Maybe because I was never onboarded so why do I need to onboard new employees – plus I have no idea what that word means. Maybe because I’m looking for the perfect landscaper when I do interviews. Maybe I don’t even follow an interview guide (Who can blame me? My gut is superior to any guide).

Maybe because I only hire people who fit the mold of what I think a landscaper should look like. Maybe because my idea of sourcing is waiting for potential employees to show up at our door. Maybe because I love to prove new employees wrong when they told me they have experience.

“There are many aspects to hiring and retention and they are all important. Not some of them, some of the time.”

Maybe because I like to hire twice as many employees as I need because half of them won’t last a week anyway. Maybe because this is all too difficult so I just hired someone to do it all for me, which ironically isn’t working out, either.

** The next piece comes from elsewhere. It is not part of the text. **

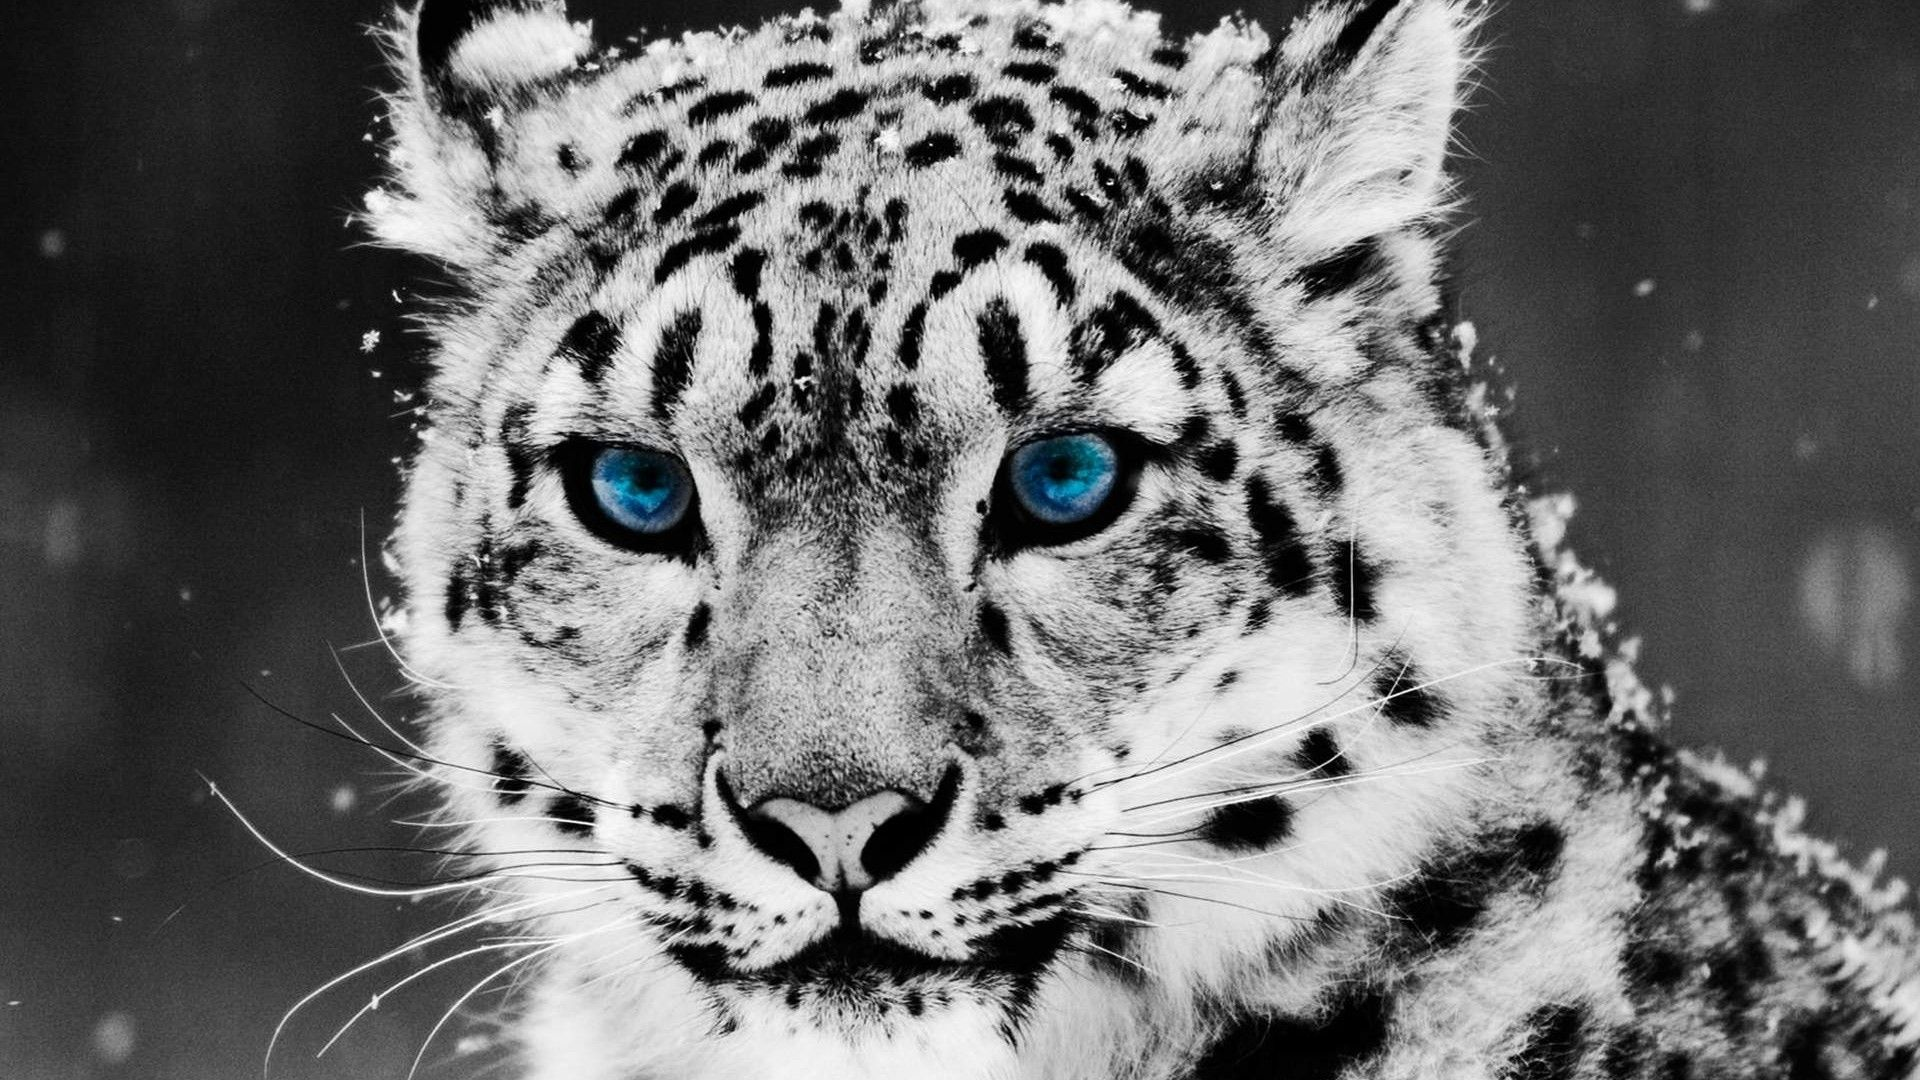 Snow Leopard Wallpaper Leopard pictures, Animals

The point is there are many aspects to hiring and retention and they are all important. Not some of them, some of the time. Think about it from the perspective of a potential hire, which starts at the very first connection.

Did they call the office and get a warm smile over the phone? Did they talk to a current employee at the local nursery and hear about a great place to work? Or did they nervously walk into the office hoping to fill out an application and the first person they saw was welcoming to the stranger in the office?

This is only one of many critical connections between prospective employees and your company during the hiring and onboarding process, which includes:

  1. Sourcing – The techniques used to search for employees.
  2. Prescreening – Qualification questions done in person or over the phone.
  3. Interviewing – Predefined questions intended to match core competencies per position.
  4. Hiring – The official offer through day one, which ideally is not the same day.
  5. Orientation – Defined first day on the job to orient new hires to the company, office, etc.
  6. Onboarding – Day one through at least day 90 with defined touch points to build personal relationships.
  7. Success – Another loyal employee that becomes your next sourcing champion.

To reach the last step, you need to be locked in on the steps preceding it. And unfortunately, this is not easy. You can’t just do a few steps very well. Failure at any of the steps leads to a greater need for candidates or greater turnover.

All cylinders need to be firing all the time. Only then will you find success, which leads to lower turnover, which leads to hiring only for growth, which feels awesome when you get there.

Kory Beidler is director of training and development at LandCare.